## What is being asked
Copy out the data below from the line containing "Kaiserslautern Pfalz Bilder" to the line containing "NÃO AO FINANCIAMENTO", both lines included, with all images left out.

[Given information Boundary: Start]

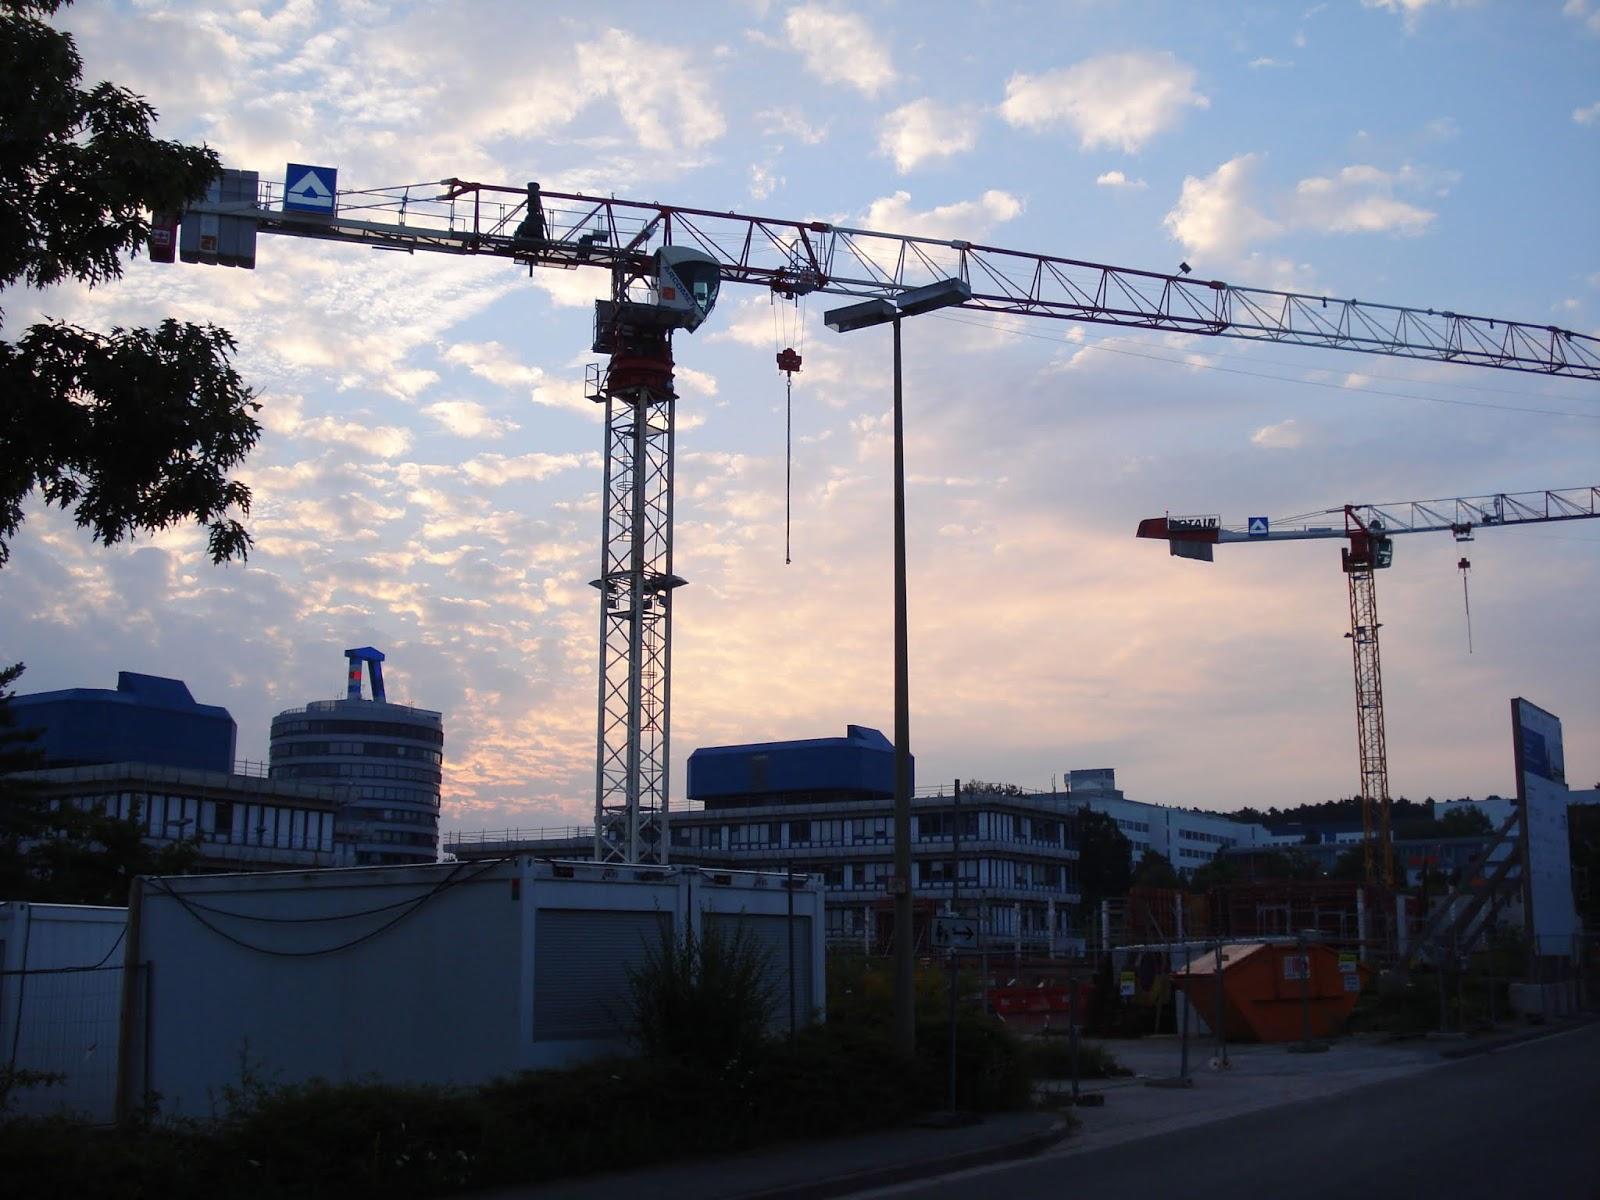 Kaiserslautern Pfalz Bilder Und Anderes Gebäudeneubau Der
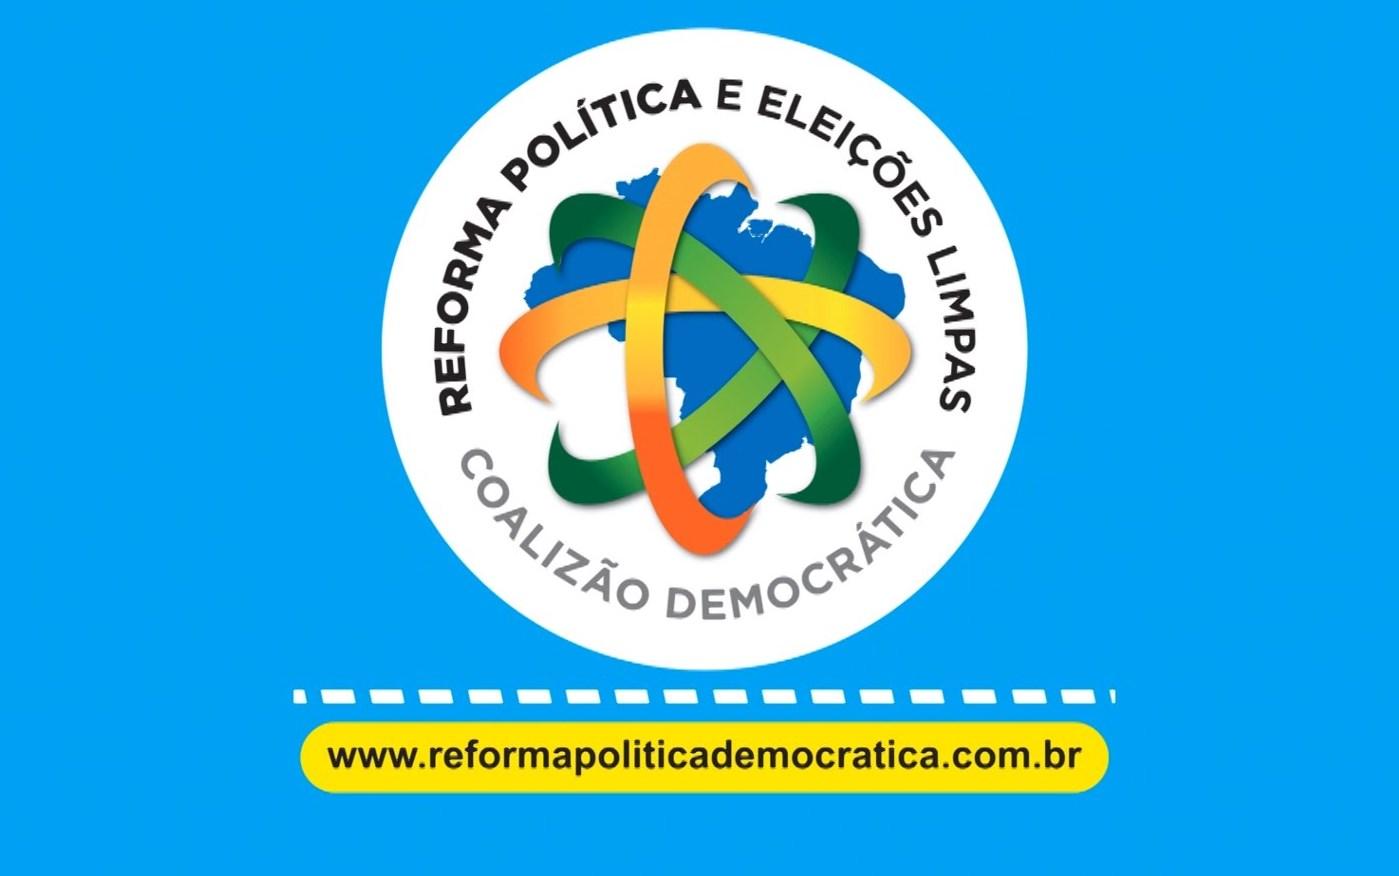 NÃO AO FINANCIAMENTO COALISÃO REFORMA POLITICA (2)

[Given information Boundary: End]
[Given information Boundary: Start]

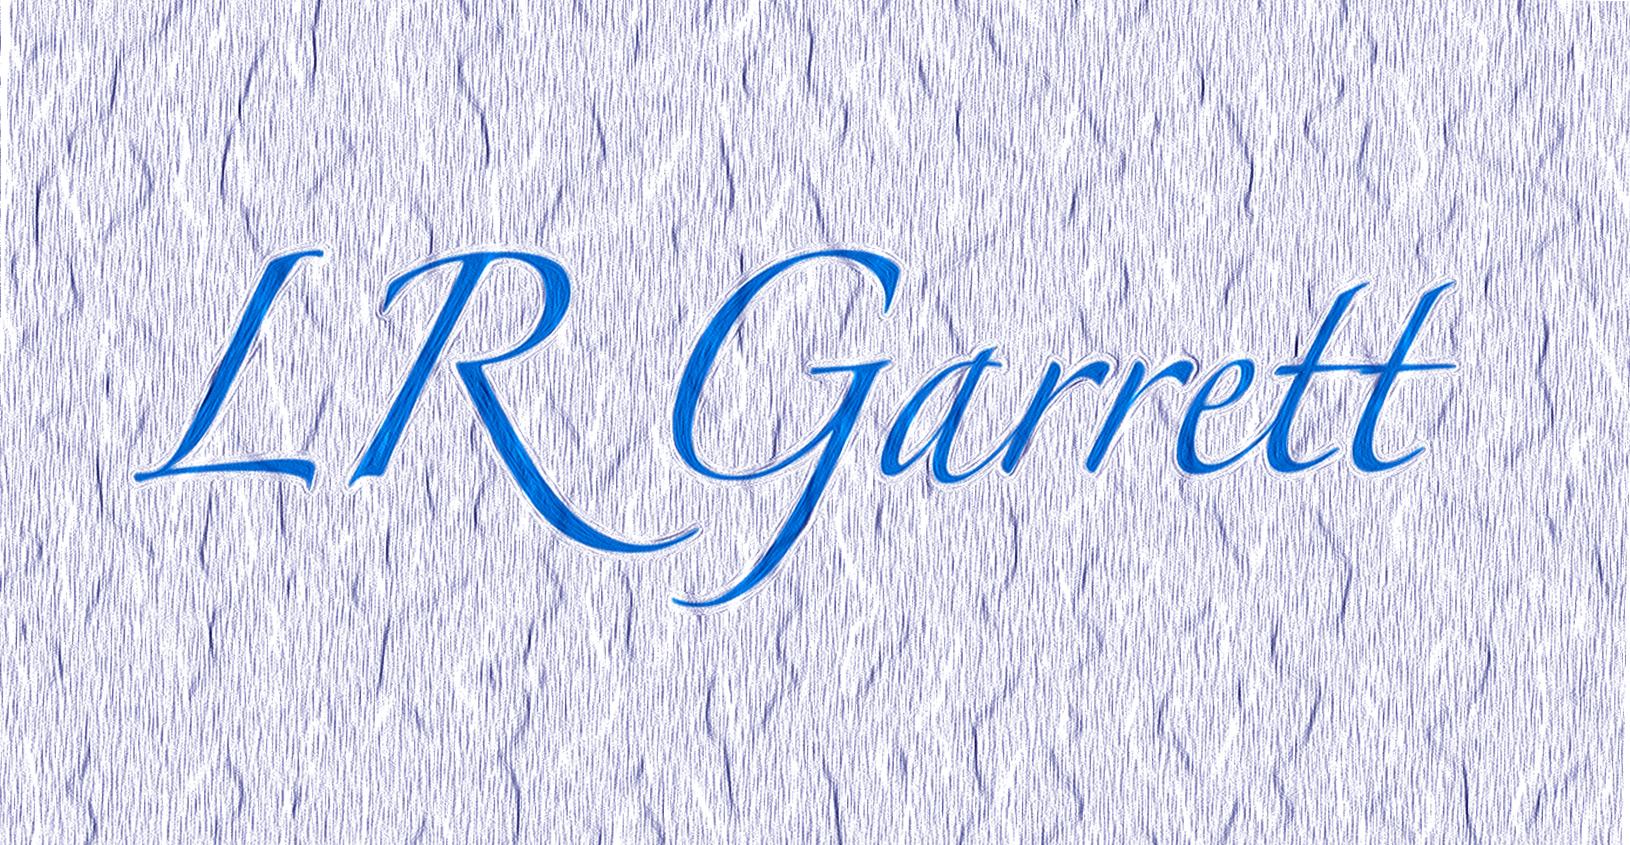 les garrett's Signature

[Given information Boundary: End]
[Given information Boundary: Start]

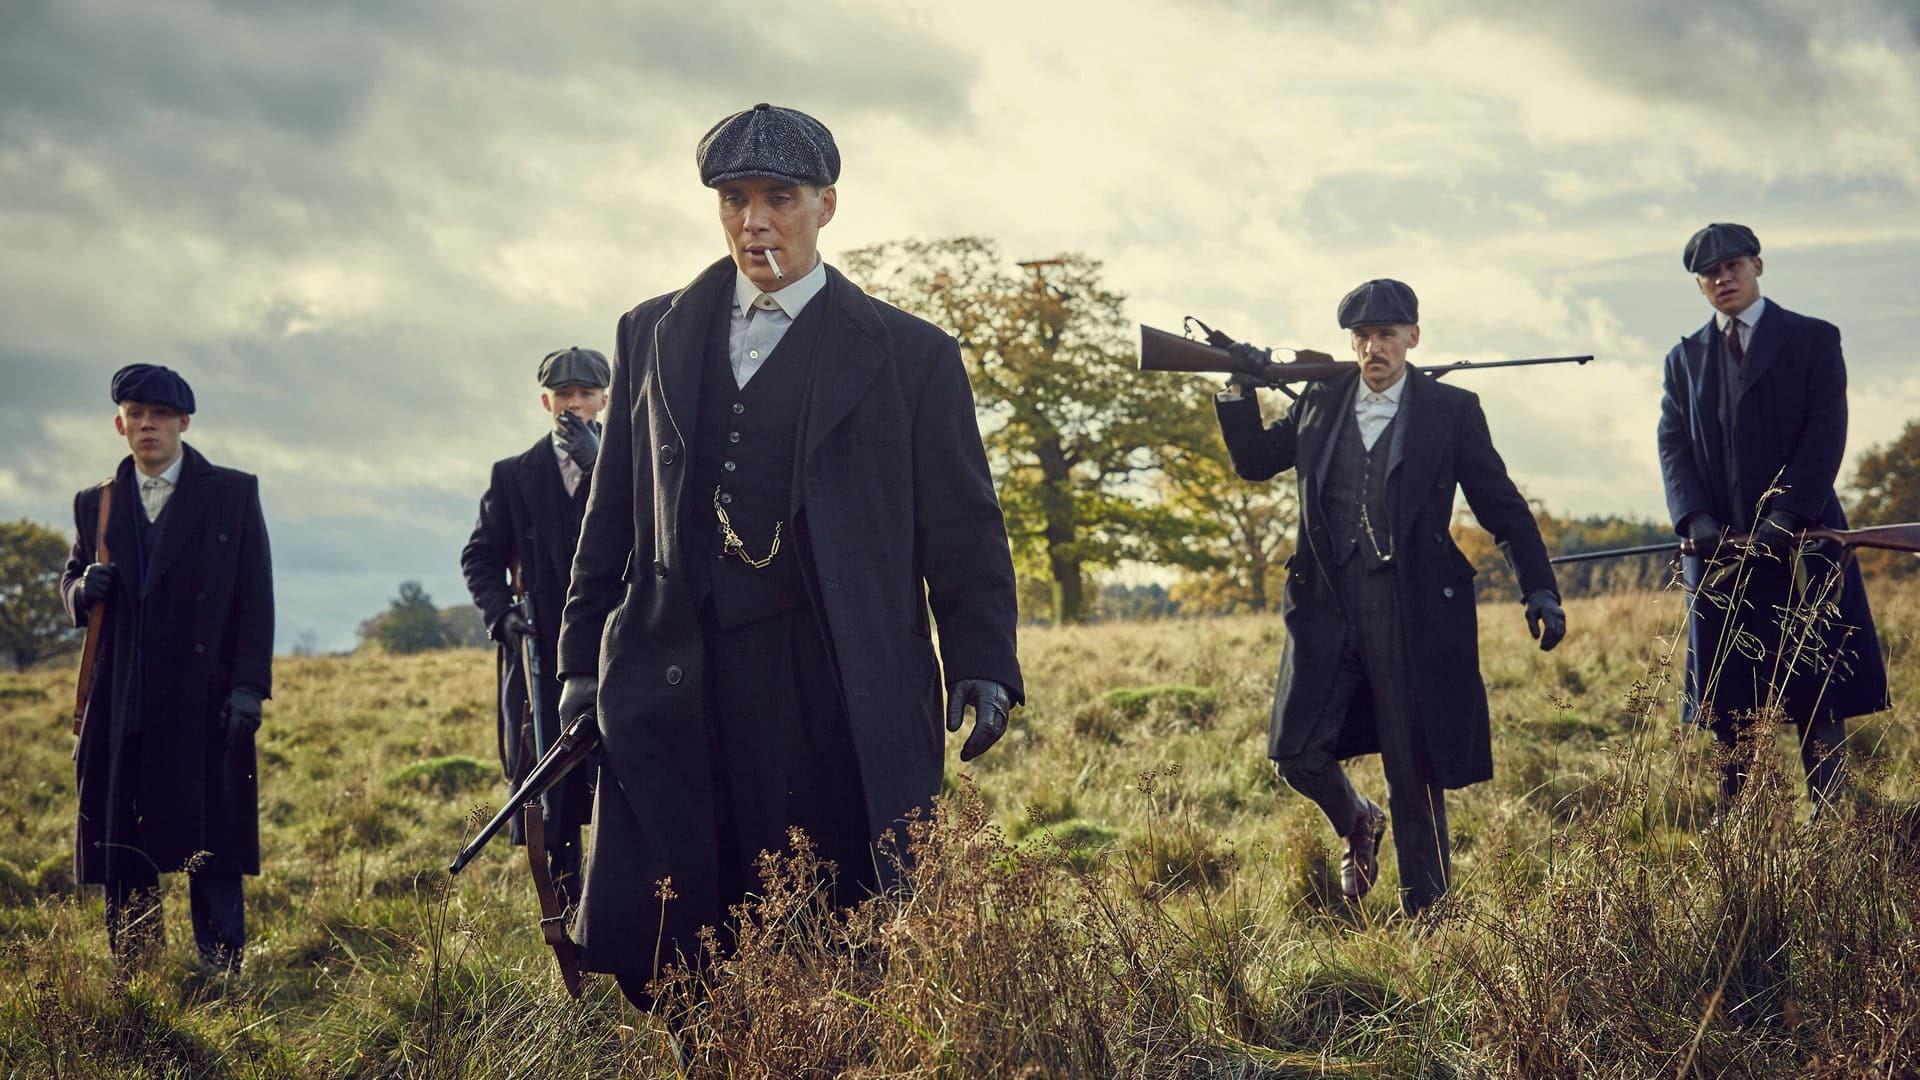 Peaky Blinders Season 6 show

[Given information Boundary: End]

## Result below
 Kaiserslautern Pfalz Bilder Und Anderes Gebäudeneubau Der
 NÃO AO FINANCIAMENTO COALISÃO REFORMA POLITICA (2)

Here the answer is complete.